Secondly, the study cohort was drawn from a single institution, which may limit the generalizability of the findings to other settings. Practices, patient demographics, and healthcare resources can vary significantly across different institutions and geographical locations, potentially influencing the applicability of the results to broader populations. The unique protocols and patient management strategies of the participating hospital may not be representative of those employed in other hospitals or cardiac surgery centers.

Another critical limitation is the selection of patients for the ITN group from the year 2019, exclusively before the COVID-19 pandemic, as opposed to the EXT group where patients were selected from the pandemic period (2020–2022). This distinction is pivotal as patients who remained intubated during the pandemic likely did so out of necessity, such as deteriorating gas exchange, which could inadvertently introduce a higher risk of selection bias into the study. Despite these challenges, a thorough comparison of baseline characteristics—including age, gender, BMI, comorbidities like pulmonary disease or diabetes mellitus, Sequential Organ Failure Assessment score (SOFA score), and European System for Cardiac Operative Risk Evaluation (Euro SCORE II)—revealed no significant differences between the groups, thereby facilitating a robust comparative analysis.

The relatively small sample size of this study of 97 patients limits the statistical power to detect small but clinically significant differences between groups.
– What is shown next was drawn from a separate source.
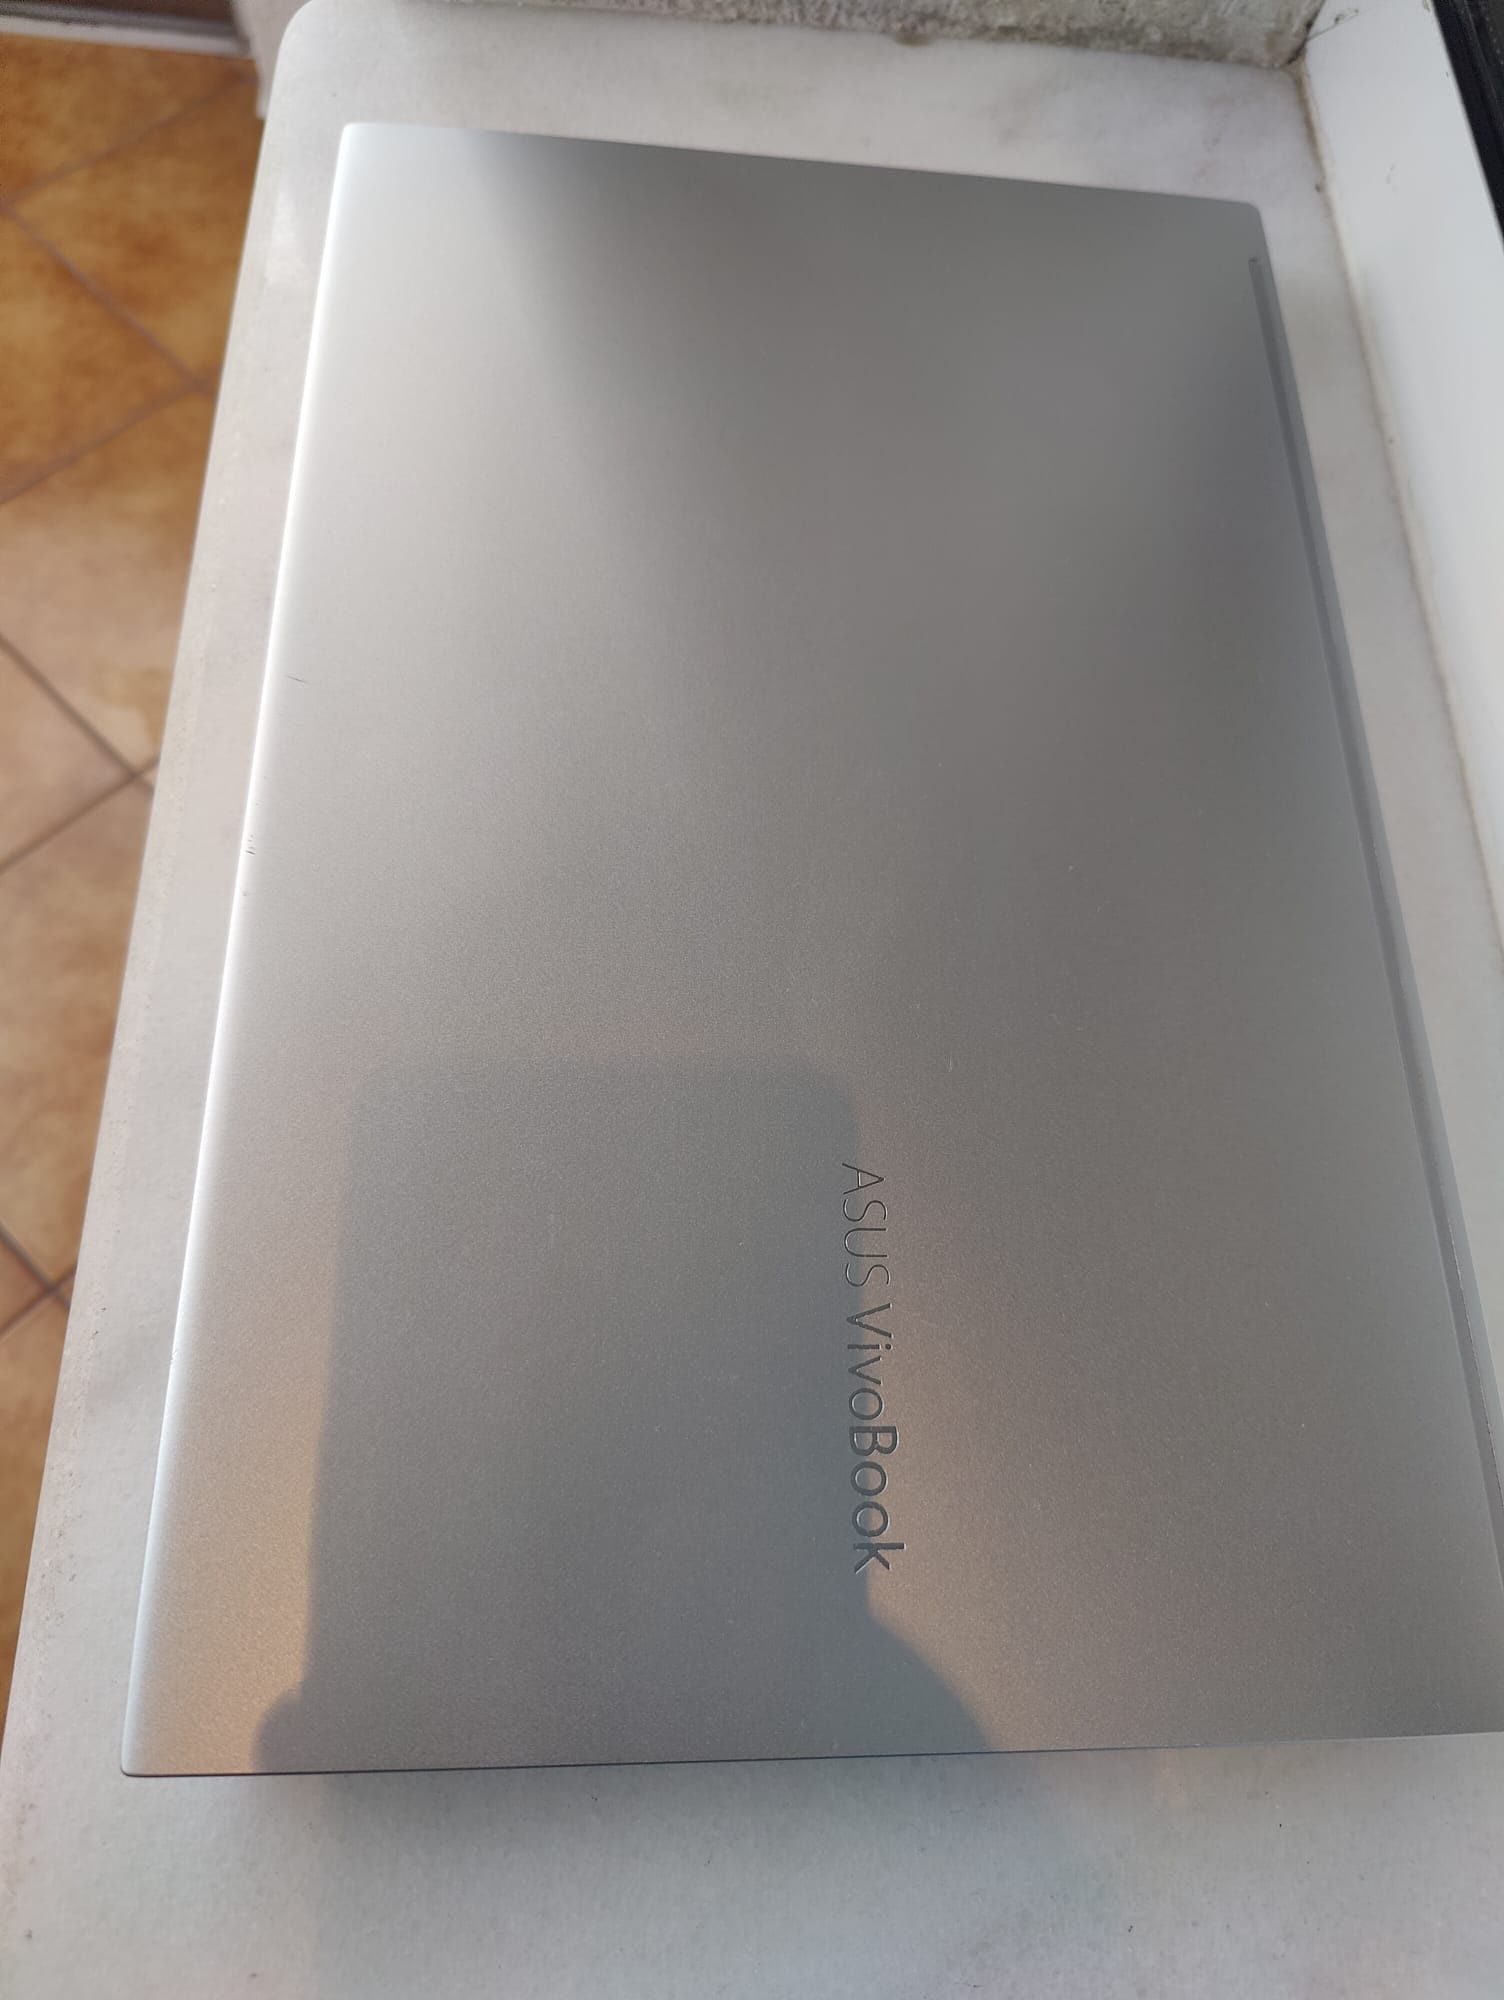 Asus Vivobook OLED

This limitation is particularly relevant for outcomes that occur infrequently, where a larger sample size might have provided the necessary power to observe significant differences. The inclusion criteria, designed to select patients during the COVID-19 pandemic for the EXT group, further constrained the ability to increase the sample size of this study, as it was limited by the number of eligible patients treated during this specific period.

Additionally, our analysis did not include a power calculation, primarily because we included all eligible patients for the EXT group from the pandemic period. Given that our study was conducted at a single center, we were unable to expand our patient sample size beyond those who met our inclusion criteria during the specified timeframe.

Lastly, the focus on short-term outcomes, such as ICU and hospital stay, without assessing longer-term effects or patient-reported outcomes, limits the scope conclusions of the study. Long-term recovery, quality of life post-surgery, and patient satisfaction are critical dimensions of surgical success that were not addressed in this analysis.

Future research should aim to address these limitations by employing prospective, multicenter study designs with larger, more diverse patient populations to strengthen the reliability and generalizability of the findings.

Conclusion

In conclusion, although immediate extubation in the operating room following on-pump CABG surgery did not show significant differences in ICU or hospital LOS, mortality, or ICU readmission rates compared to conventional intubation practices, it may still offer potential benefits, such as reduced norepinephrine use. Future multicenter randomized controlled trials are necessary to determine the optimal timing of extubation after cardiac surgery to enhance patient outcomes and healthcare efficiency.